Silence. On n’entendait plus que l’horloge — un cadeau de mariage de ses parents.
— J’avais tout prévu, — murmura-t-il enfin. — Je voulais être honnête. Diviser équitablement…
— Et prendre la moitié de l’appartement, — termina Yana. — Mais tu t’es trompé. L’appartement est à Maman. Et l’argent commun… garde-le. Considère ça comme paiement pour six années perdues.
Elle se dirigea vers la porte. Dima lui saisit la main : — Ne pars pas ! Je vais tout arranger !
— Trop tard, — dit-elle en se dégageant doucement. — Les papiers seront prêts demain. Tu signes — et tu es libre. Tu peux vivre avec Lena, lui offrir des bracelets… mais cette fois, avec ton propre argent.
— J’irai au tribunal ! — cria-t-il. — Je prouverai que la donation est fausse !
— Essaie, — dit Yana en se retournant. — Maman sera ravie. Elle n’est pas allée plaider depuis longtemps.
La porte se referma.
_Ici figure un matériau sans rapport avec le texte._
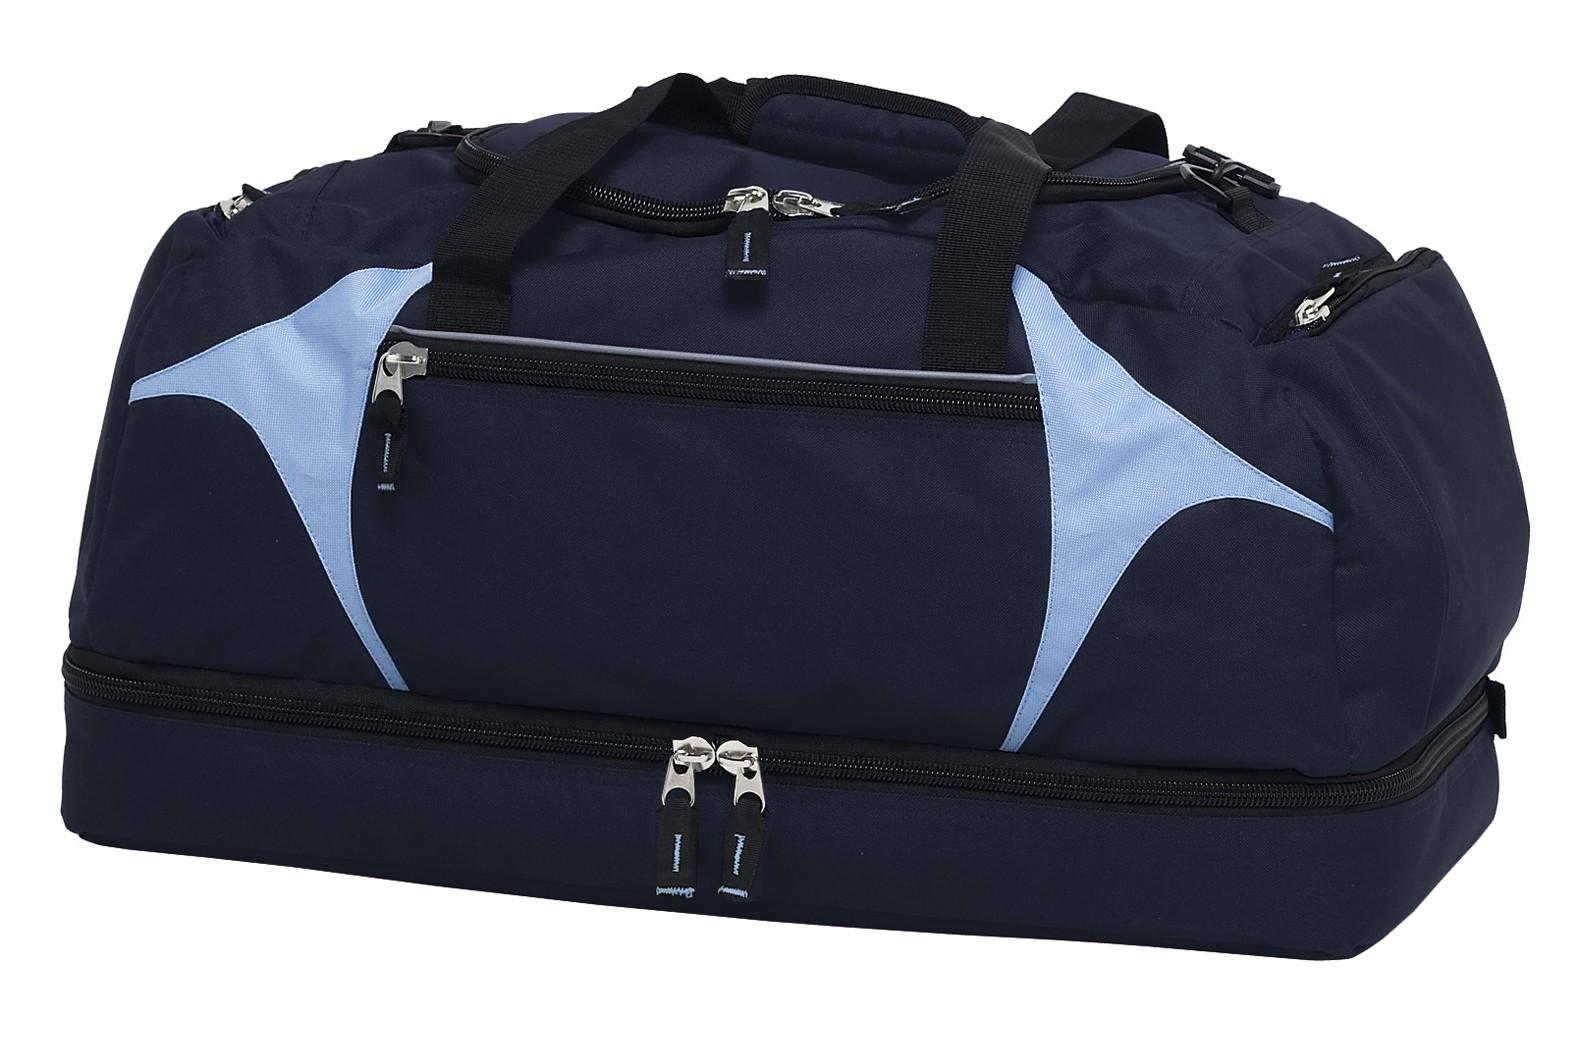 Spliced Zenith Sports Bag - Navy & Sky

Yana descendit lentement les escaliers. Ses mains tremblaient, mais elle se tenait droite. Maman l’attendait dans la voiture.
— Alors ? — demanda-t-elle.
— Comme tu avais dit, — répondit Yana en bouclant sa ceinture. — D’abord il a nié, puis supplié. Et quand il a compris pour l’appartement — il a menacé.
— Classique, — dit Elena en démarrant. — On rentre ?
— Non. Chez toi. Je ne veux pas être seule ce soir.
La voiture partit. Yana regardait la ville défiler par la fenêtre. Quelque part, dans un appartement loué, Lena attendait Dima. En rêvant de luxe, de bijoux…
— Tu sais, — dit sa mère à un feu rouge, — tu as bien fait. Beaucoup restent, paralysées par la peur.
— J’ai juste compris à temps : mieux vaut être seule que trahie.
— Et toute une vie t’attend, — sourit Elena. — Sans mensonges, sans humiliations. Tu vas y arriver.
Yana hocha la tête. Son téléphone vibra dans son sac — Dima. Elle coupa la sonnerie sans regarder l’écran.
Demain serait un nouveau jour. Et une nouvelle vie.